Even with COVID-19 changing everything last year, Cooper-Vince kept training. “The favorite place for me, for cycling, was along the canal, because I don’t have to worry about cars. But that was an issue because there were too many people without masks, running without masks,” she said. “I kind of varied where I do a lot of cycling. I do a lot in Mendon Ponds Park, which is a great place for cycling. Now I’m a little more comfortable after being vaccinated and I won’t freak out if somebody comes by me. For some reason, people were operating on the canal like they didn’t need a mask, even though they come within two feet of you.

“We were scheduled for Triathlon USA Age Group Nationals in 2020 and World Championships in 2020. The nationals are scheduled to take place in August; the world championships are scheduled for Edmonton Alberta, but the Canadian border hasn’t been open since March.”

McDermott will also compete in the nationals, but his ironman days are done.

“On Nov. 22, 2019, I came home from the gym and had a mini-stroke. My wife said I slurred a couple of words and she rushed me to Strong,” he said.

He has a clot in his left carotid artery. Doctors told him the clot is not going to go away, “but you can go on and live your life.”

“It took me until January or February to get back to running. It’s been a little bit of a blessing because there has been no racing,” he said. “I picked up my training, but not with any races in mind. I am qualified for the Nationals.

“My wife feels training was the cause of the mini-stroke,” he said, sitting in his kitchen, with wife Brenda six feet away, folding clothes. “I promised my wife I’m done doing ironman.”

His wife nods from the other side of the kitchen.

“I will do races from an enjoyment standpoint. I love the social aspect. I trained with RATs (Rochesterareatriathletes.com) and DINOS and the people are just phenomenal, super encouraging, no judgment,” he continued. “I love the social aspects of the clubs and the races. When I go out to nationals in Milwaukee there will be people from RATs there and DIDOs and we’ll set up a tent and do social things.”

Does Brenda worry about him?

“Of course,” she laughs. “I worry about him every day. He’s not allowed to do any more ironman, but I don’t know how I can not let him do any more races because that’s what he’s passionate about.”

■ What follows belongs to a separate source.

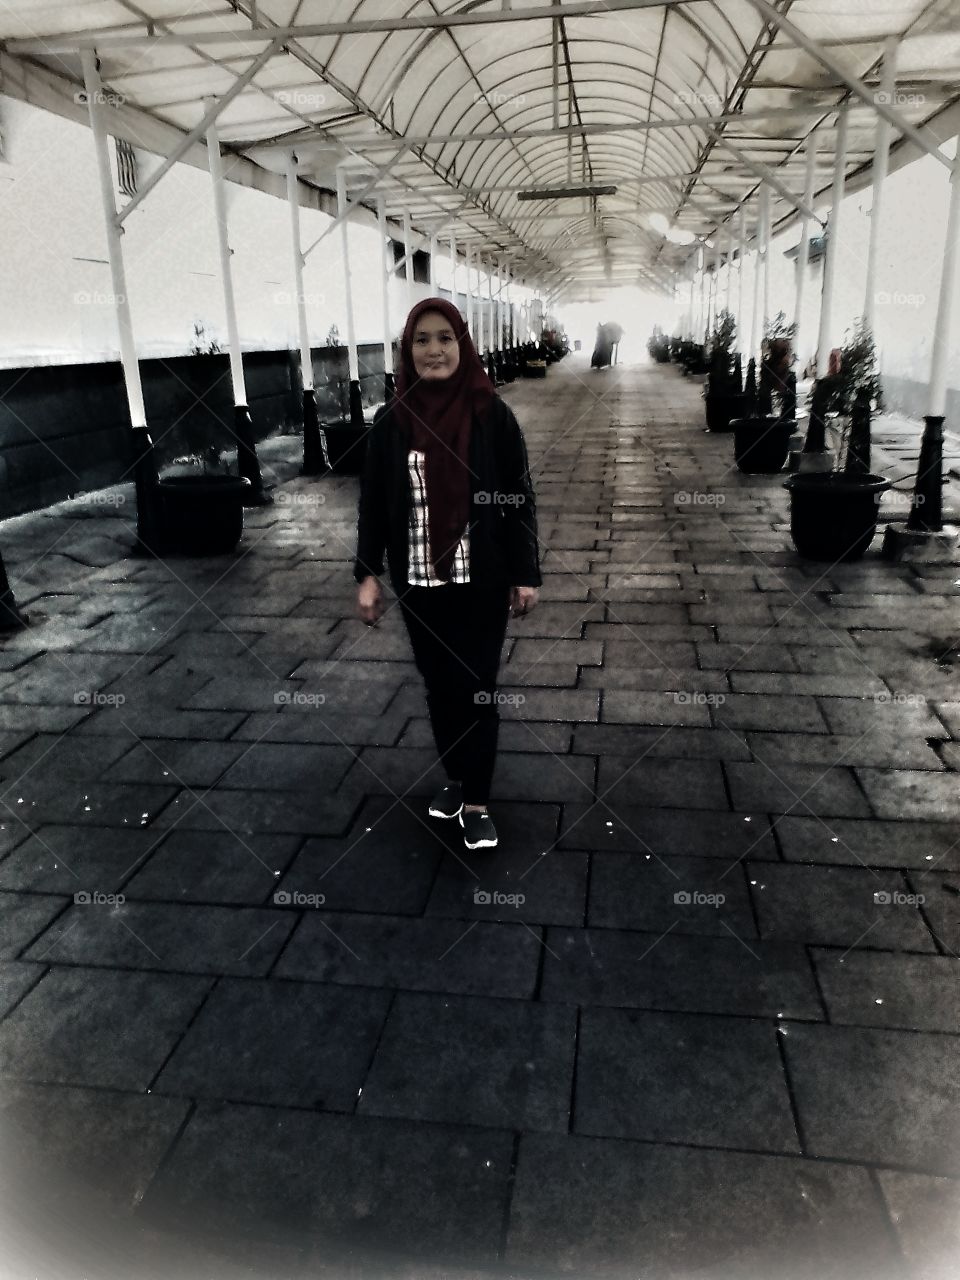 Someone is walking in the aisles in Kota Tua city of Jakarta, Indonesia

“I’ll keep doing this as long as my body lets me,” McDermott said. “You don’t have to be in shape, anybody can do triathlon. Reach out to DIDOs or RATS and just come out. Every town has a triathlete group and they’re all the same — super supportive — no judgment. None, not at all. The amount of knowledge you get – everyone wants to share, everyone wants the sport to grow. It’s a great way to get in shape, stay in shape and the social aspect — both training and racing — is phenomenal. DIDOs has a regular calendar of events; RATS has a Sunday morning swim-bike-run at Durand, or Mendon Park, where you can run-bike-run during the week—bring a beer for afterwards. All kinds of opportunities to just come out and enjoy it. While I tend to do a lot of my hard training alone because my schedule is flexible and I can do what I want, it’s a great sport and a great way to stay active and be social and go some neat places and support local communities.”


What’s Next?

Michael McDermott and Pam Cooper-Vince have a packed schedule in the coming months. McDermott is training for USA Triathlon Age Group National in Milwaukee, Aug. 7, and will participate in the Rochester Triathlon Sprint Event, Aug. 21. Cooper-Vince will also participate in those two races. In addition, she will compete in the half iron distance in the Ironman 70.3 Maine to be held in Old Orchard Beach, Maine, Aug. 29, and the full-iron distance in the Maryland Ironman to be held in Cambridge, Maryland, Sept. 18.